(DATASET EXCERPT):
§

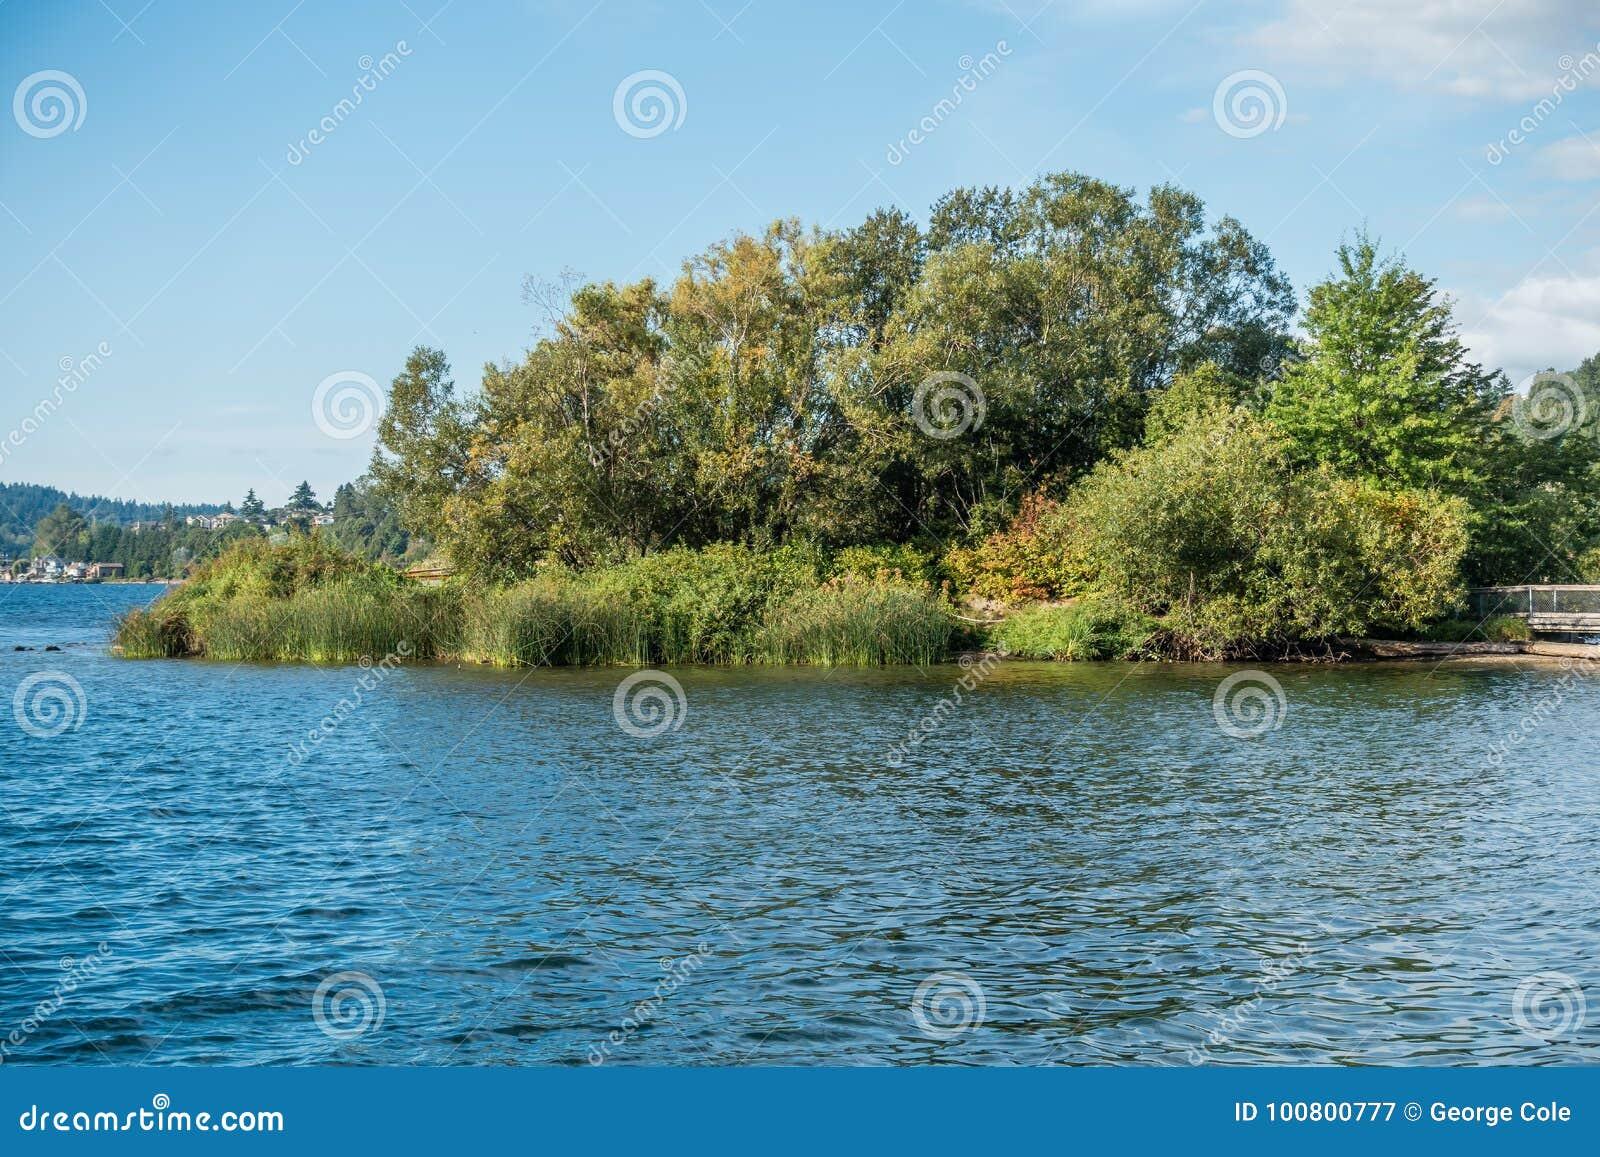 Gene Coulon Park Island 3
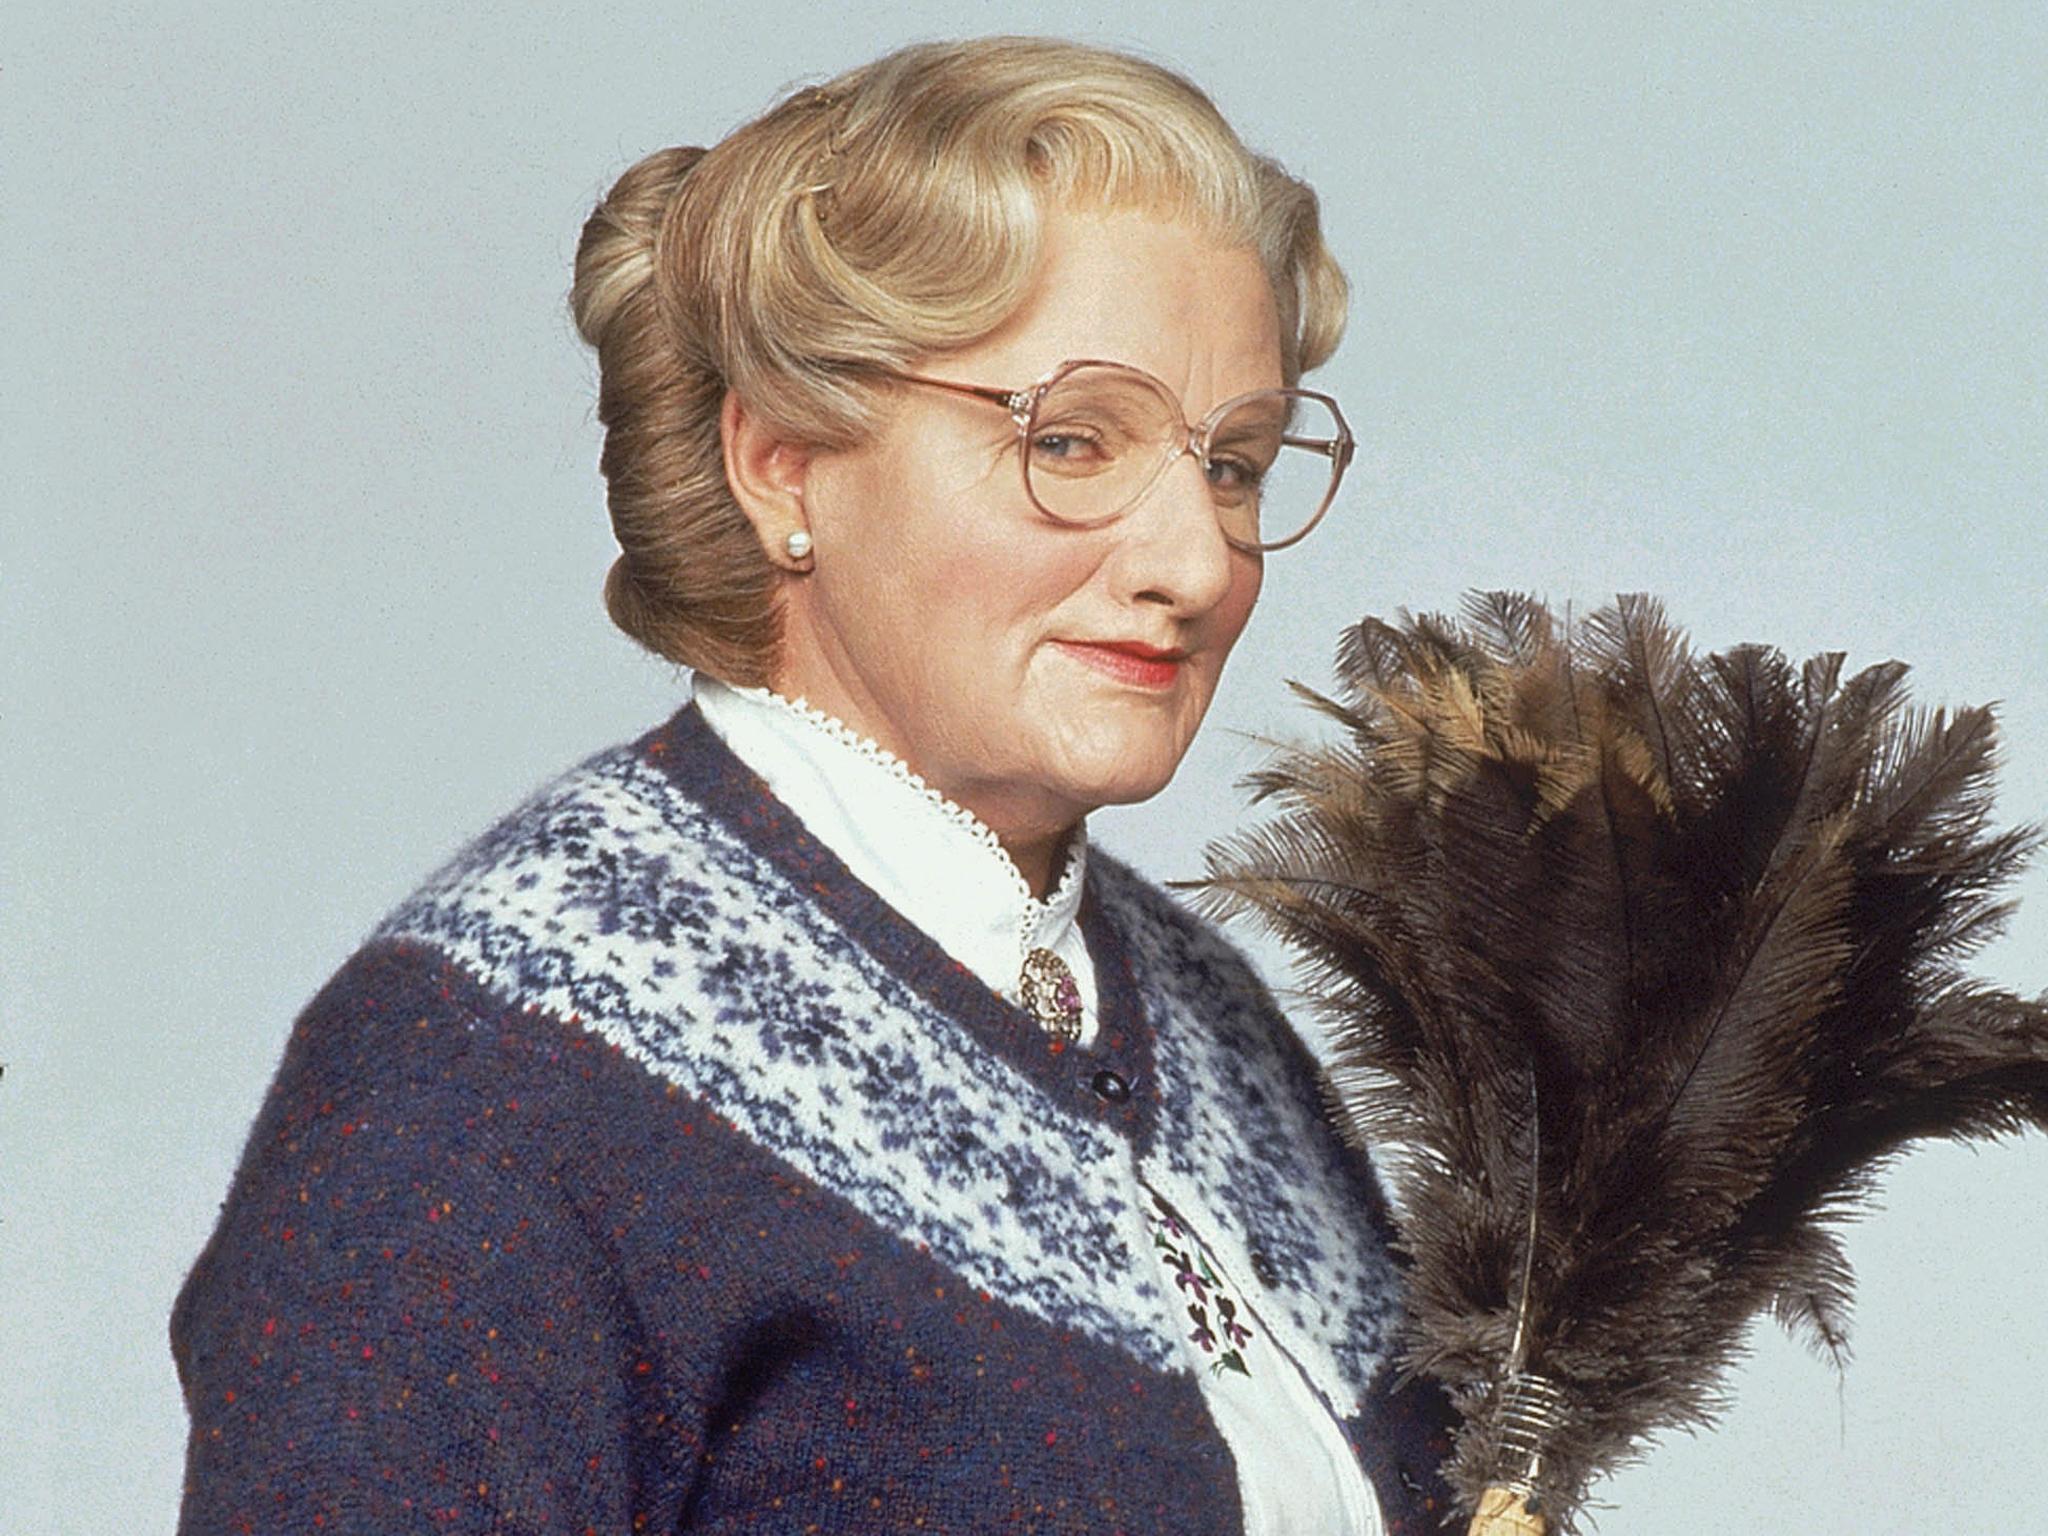 Mrs Doubtfire (1993)
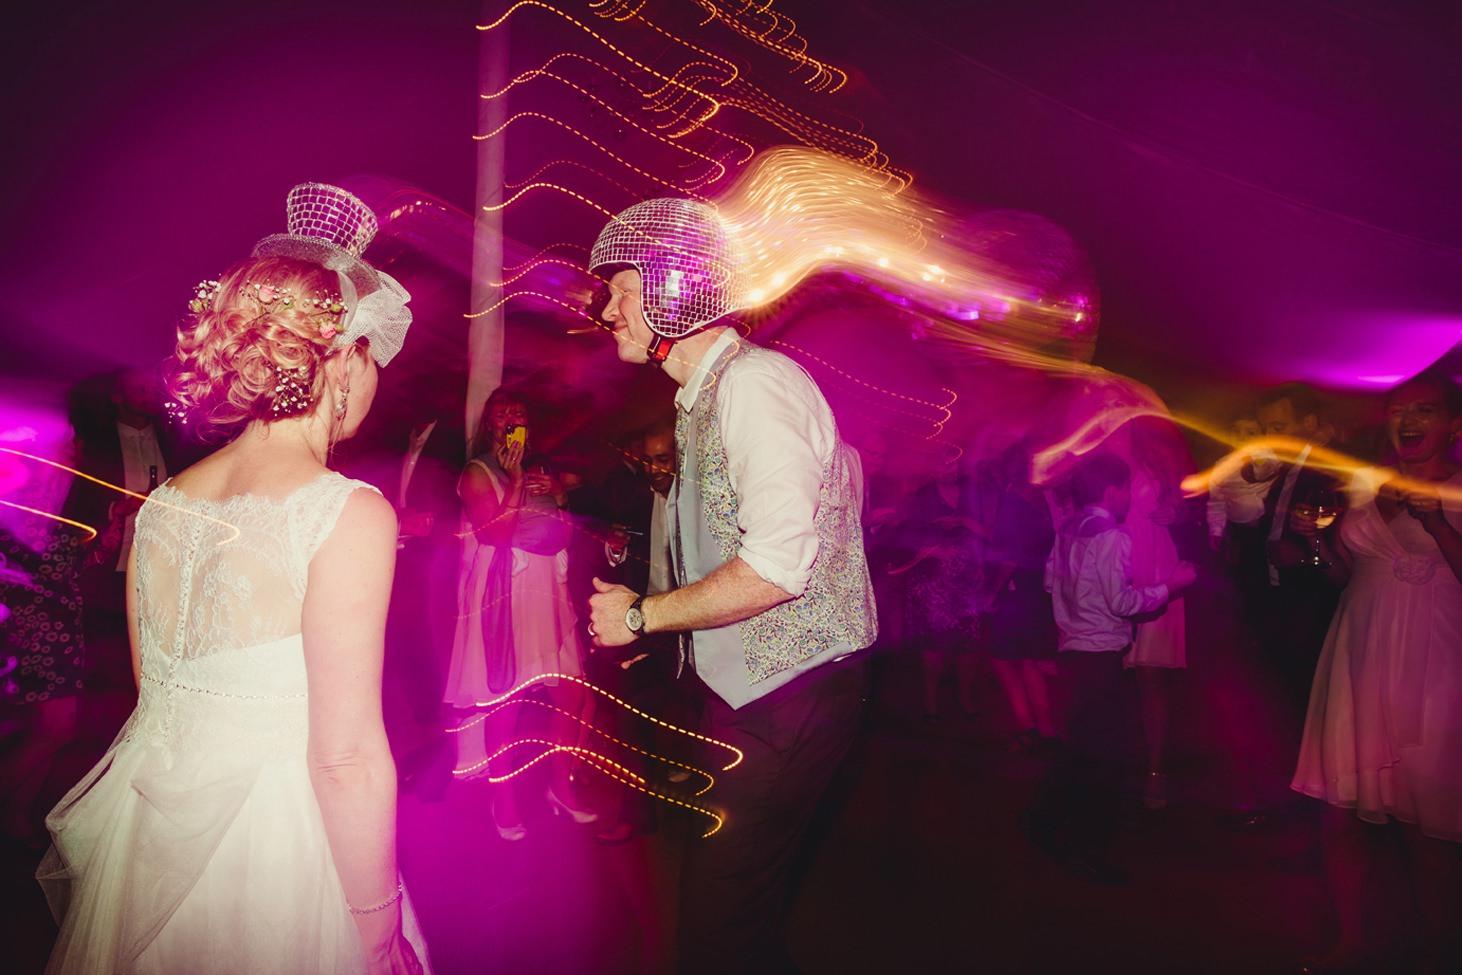 Bodleian library wedding bride and groom dancing

§

(WHAT IS NEEDED): With the images removed, write out all of the material above exactly.

(TASK OUTPUT):
 Gene Coulon Park Island 3
 Mrs Doubtfire (1993)
 Bodleian library wedding bride and groom dancing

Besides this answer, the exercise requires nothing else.